• EXERCISE AIM
Which lines below hold the word "Black"? Copy all of them.

Records excerpted from a collection:

········

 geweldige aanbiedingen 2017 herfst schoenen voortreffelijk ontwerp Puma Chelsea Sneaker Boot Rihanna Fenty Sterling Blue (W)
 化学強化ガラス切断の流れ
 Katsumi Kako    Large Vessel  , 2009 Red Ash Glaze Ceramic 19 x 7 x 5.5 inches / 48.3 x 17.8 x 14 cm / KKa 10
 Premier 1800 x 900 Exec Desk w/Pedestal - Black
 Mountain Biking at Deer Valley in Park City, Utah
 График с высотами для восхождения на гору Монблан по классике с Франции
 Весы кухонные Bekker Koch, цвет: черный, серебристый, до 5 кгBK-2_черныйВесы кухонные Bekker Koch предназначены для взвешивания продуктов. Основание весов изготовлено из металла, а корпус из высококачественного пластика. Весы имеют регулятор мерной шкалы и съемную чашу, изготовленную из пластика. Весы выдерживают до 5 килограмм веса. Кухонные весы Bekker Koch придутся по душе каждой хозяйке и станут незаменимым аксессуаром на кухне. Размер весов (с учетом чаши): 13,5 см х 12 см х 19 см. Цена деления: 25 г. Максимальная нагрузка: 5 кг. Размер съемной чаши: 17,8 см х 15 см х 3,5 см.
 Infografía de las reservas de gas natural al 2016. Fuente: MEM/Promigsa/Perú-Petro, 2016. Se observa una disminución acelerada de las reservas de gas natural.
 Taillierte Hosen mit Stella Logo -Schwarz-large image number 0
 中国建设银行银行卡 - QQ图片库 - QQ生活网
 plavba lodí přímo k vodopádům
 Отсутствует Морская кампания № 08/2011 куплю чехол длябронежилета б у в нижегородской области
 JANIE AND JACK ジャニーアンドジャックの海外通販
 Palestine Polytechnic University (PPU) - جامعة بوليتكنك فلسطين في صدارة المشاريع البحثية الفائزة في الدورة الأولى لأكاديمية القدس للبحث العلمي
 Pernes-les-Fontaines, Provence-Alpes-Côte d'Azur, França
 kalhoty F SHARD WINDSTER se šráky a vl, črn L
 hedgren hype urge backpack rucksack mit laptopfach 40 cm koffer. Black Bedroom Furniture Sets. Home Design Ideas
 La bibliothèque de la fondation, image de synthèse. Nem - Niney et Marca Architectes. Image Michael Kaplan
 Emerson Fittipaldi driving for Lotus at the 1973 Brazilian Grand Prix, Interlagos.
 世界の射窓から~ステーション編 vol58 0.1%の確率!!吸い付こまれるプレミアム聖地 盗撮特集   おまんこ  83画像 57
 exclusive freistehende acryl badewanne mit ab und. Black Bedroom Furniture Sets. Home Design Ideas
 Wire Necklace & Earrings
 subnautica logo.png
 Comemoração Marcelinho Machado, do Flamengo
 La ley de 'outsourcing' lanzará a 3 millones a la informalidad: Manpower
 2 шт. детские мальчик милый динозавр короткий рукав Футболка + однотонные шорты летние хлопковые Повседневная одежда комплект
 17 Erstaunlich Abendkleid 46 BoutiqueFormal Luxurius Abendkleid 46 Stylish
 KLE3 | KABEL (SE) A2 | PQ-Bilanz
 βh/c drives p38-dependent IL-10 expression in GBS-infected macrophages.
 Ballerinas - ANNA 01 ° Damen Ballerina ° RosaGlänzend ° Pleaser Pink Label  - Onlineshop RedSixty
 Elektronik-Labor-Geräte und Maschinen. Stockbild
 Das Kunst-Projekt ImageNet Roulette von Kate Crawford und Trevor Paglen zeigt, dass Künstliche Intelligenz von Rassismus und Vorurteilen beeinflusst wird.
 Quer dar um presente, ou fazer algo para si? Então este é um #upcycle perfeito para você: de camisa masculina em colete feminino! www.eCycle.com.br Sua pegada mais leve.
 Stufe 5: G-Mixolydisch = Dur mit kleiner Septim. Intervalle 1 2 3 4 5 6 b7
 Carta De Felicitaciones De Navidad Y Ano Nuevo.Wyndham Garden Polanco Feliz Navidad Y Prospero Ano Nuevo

········

• COMPLETED EXERCISE
 Premier 1800 x 900 Exec Desk w/Pedestal - Black
 hedgren hype urge backpack rucksack mit laptopfach 40 cm koffer. Black Bedroom Furniture Sets. Home Design Ideas
 exclusive freistehende acryl badewanne mit ab und. Black Bedroom Furniture Sets. Home Design Ideas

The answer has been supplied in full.